Back to Datahub

Sigma Pre

metadata-ingestion/docs/sources/sigma/sigma_pre.md

1.6.07.6 KB
Original Source

Overview

The sigma module ingests metadata from Sigma into DataHub. It is intended for production ingestion workflows and module-specific capabilities are documented below.

This source extracts the following:

  • Workspaces and workbooks within that workspaces as Container.

  • Sigma Datasets as Datahub Datasets.

  • Pages as Datahub dashboards and elements present inside pages as charts.

  • Sigma Data Models as Containers, with each element as a Dataset inside the Container (ingest_data_models defaults to true; set it to false to skip Data Model ingestion). UpstreamLineage is emitted on each DM element Dataset for intra-DM, cross-DM, and external (warehouse / Sigma Dataset) upstream references. Workbook-to-DM connections are emitted as ChartInfo.inputs on the workbook chart entity (not as UpstreamLineage on the DM element Dataset). Personal-space DMs referenced from ingested DMs are discovered on demand and gated by ingest_shared_entities and data_model_pattern. Report counters under data_model_* / element_dm_* surface per-shape resolution outcomes.

    Notes:

    • Element Dataset URNs are keyed by the immutable Data Model UUID (urn:li:dataset:(sigma,<dataModelId>.<elementId>,env)) so attachments survive Sigma slug rotation; the slug is captured on customProperties.dataModelUrlId.
    • Column types are emitted as NullType with nativeDataType: "unknown" — Sigma's /columns API does not return per-column types today. Earlier pre-releases hardcoded String; that was a lie (no Sigma side confirms it) and has been softened so downstream type-aware features can tell "unknown" from "actually a string."
    • Column-level lineage is not emitted yet; SchemaMetadata is present, so CLL can be added later without re-ingestion.
    • Unresolved upstream references (Sigma Dataset not ingested, DM not reachable, element name not matched) are suppressed rather than fabricated as dangling URNs.
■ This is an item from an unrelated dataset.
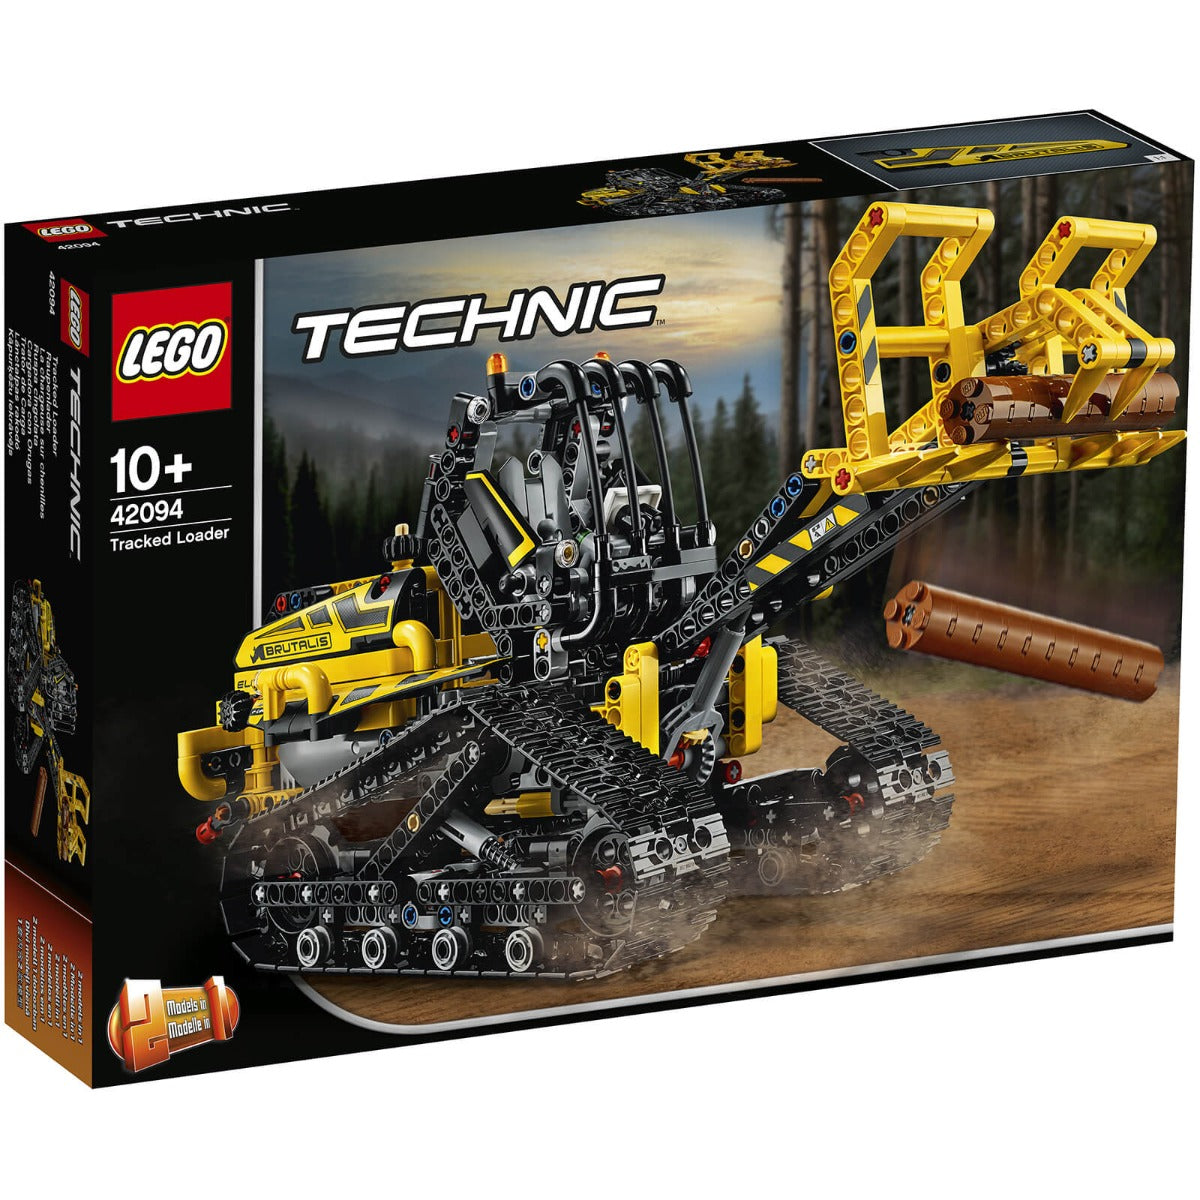 Lego Technic Tracked Loader 42094
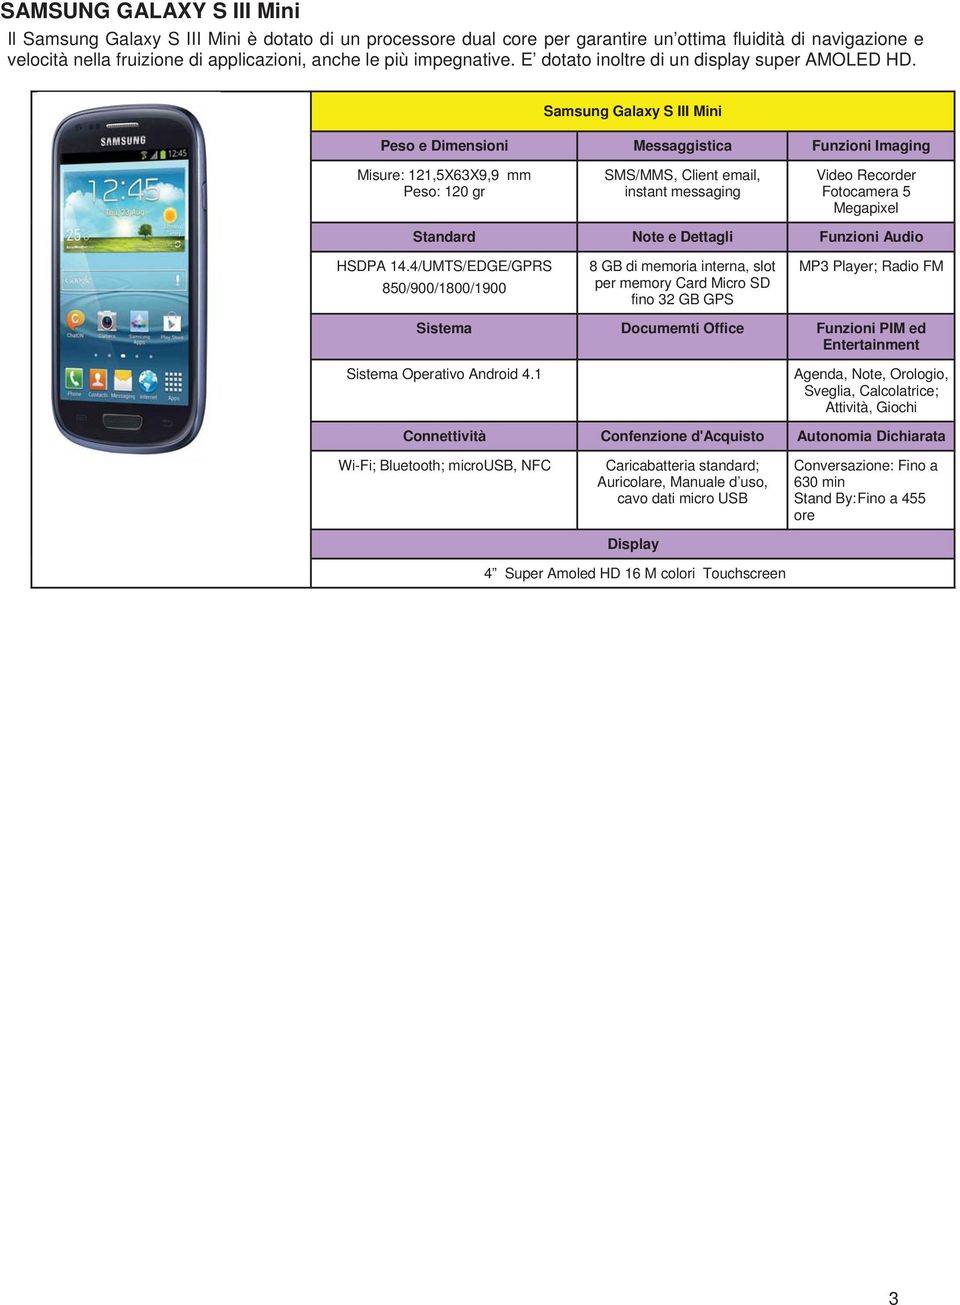 Samsung Galaxy S III Mini Misure: 121,5X63X9,9 mm Peso: 120 gr SMS/MMS, Client email, instant messaging Video Recorder Fotocamera 5 Megapixel HSDPA 14.

External upstreams to Sigma Datasets only resolve when the referenced dataset is ingested in the same recipe run. Splitting Sigma Datasets and Data Models into separate recipes will leave those upstreams unresolved. The report splits these between data_model_element_upstreams_unresolved_external (target Sigma Dataset exists but wasn't ingested this run) and data_model_element_upstreams_unknown_shape (source*id shapes this release does not parse — cross-DM refs have their own dedicated data_model_element_cross_dm_upstreams*\*counters); the aggregatedata_model_element_upstreams_unresolved is retained for dashboards that already read it. Re-run with broader patterns to materialize them.
    • When ingest_data_models is enabled, /dataModels/{id}/elements and /columns calls are issued per DM unconditionally, but the per-DM /lineage call is gated on extract_lineage: true. If you opt out of lineage at the workbook surface, the DM connector also stops hitting any /lineage endpoint — DM Containers, element Datasets, and SchemaMetadata are still emitted, but without UpstreamLineage.
    • The DM Container URN is keyed on platform and platform_instance but not env. Multi-environment deployments against the same tenant should set a distinct platform_instance per env so DM Containers do not collide on a single URN. Element Datasets are already env-scoped.
    • Cross-DM lineage is name-based. Sigma's /lineage endpoint identifies cross-DM producer elements by free-text name only (there is no stable element ID on the upstream node), so the resolver matches producer and consumer elements by case-insensitive name. Renaming an element in the producing DM between runs silently moves the edge: the old target loses the upstream and the new target may never match. The counter that ticks up is data_model_element_cross_dm_upstreams_name_unmatched_but_dm_known — a non-zero value usually means an upstream rename, not a connector bug. For single-element producer DMs, the fallback above recovers the edge automatically; for multi-element DMs operators should treat a jump in that counter as a re-ingest prompt.
    • Single-element cross-DM fallback. When a DM element references another DM's element (sourceIds = ["<otherDmUrlId>/<suffix>"]) and the name bridge cannot match the consuming element's name against any producer-DM element, the resolver falls back to binding the edge to the producer's sole element iff the producer DM contains exactly one element. This covers the CSV-upload / single-asset personal-DM case where either side has been renamed (by construction, there is only one possible target). The fallback bumps both data_model_element_cross_dm_upstreams_resolved (aggregate success count) and data_model_element_cross_dm_upstreams_single_element_fallback (sub-shape count), so it is distinguishable in the report. Semantics: if the producer DM is later edited to add a second element and the user renames the consumer to point at the new one, the fallback no longer fires and the previously-emitted edge will reflect whatever name matches at the next ingest — i.e. the edge tracks "current state of Sigma," not "state at edge-creation time." This matches how Sigma's own UI resolves the reference.
    • Ambiguous cross-DM name matches. When two or more elements in a producer DM share the same case-insensitive name, the resolver cannot determine which element is the intended upstream. It picks the lexicographically smallest Dataset URN among the candidates (stable and deterministic across runs) and increments data_model_element_cross_dm_upstreams_ambiguous. The emitted lineage edge is technically valid but may point at the wrong element — a logger.warning is also emitted at ingestion time so the ambiguous pick is visible in the connector log. The root cause is a naming collision on the Sigma side: renaming one of the duplicates in Sigma will let the resolver match precisely and clear the counter. This is distinct from the rename case above: here the name is found but is not unique, whereas the rename case produces a name-miss (data_model_element_cross_dm_upstreams_name_unmatched_but_dm_known).

Prerequisites

Before running ingestion, ensure network connectivity to the source, valid authentication credentials, and read permissions for metadata APIs required by this module.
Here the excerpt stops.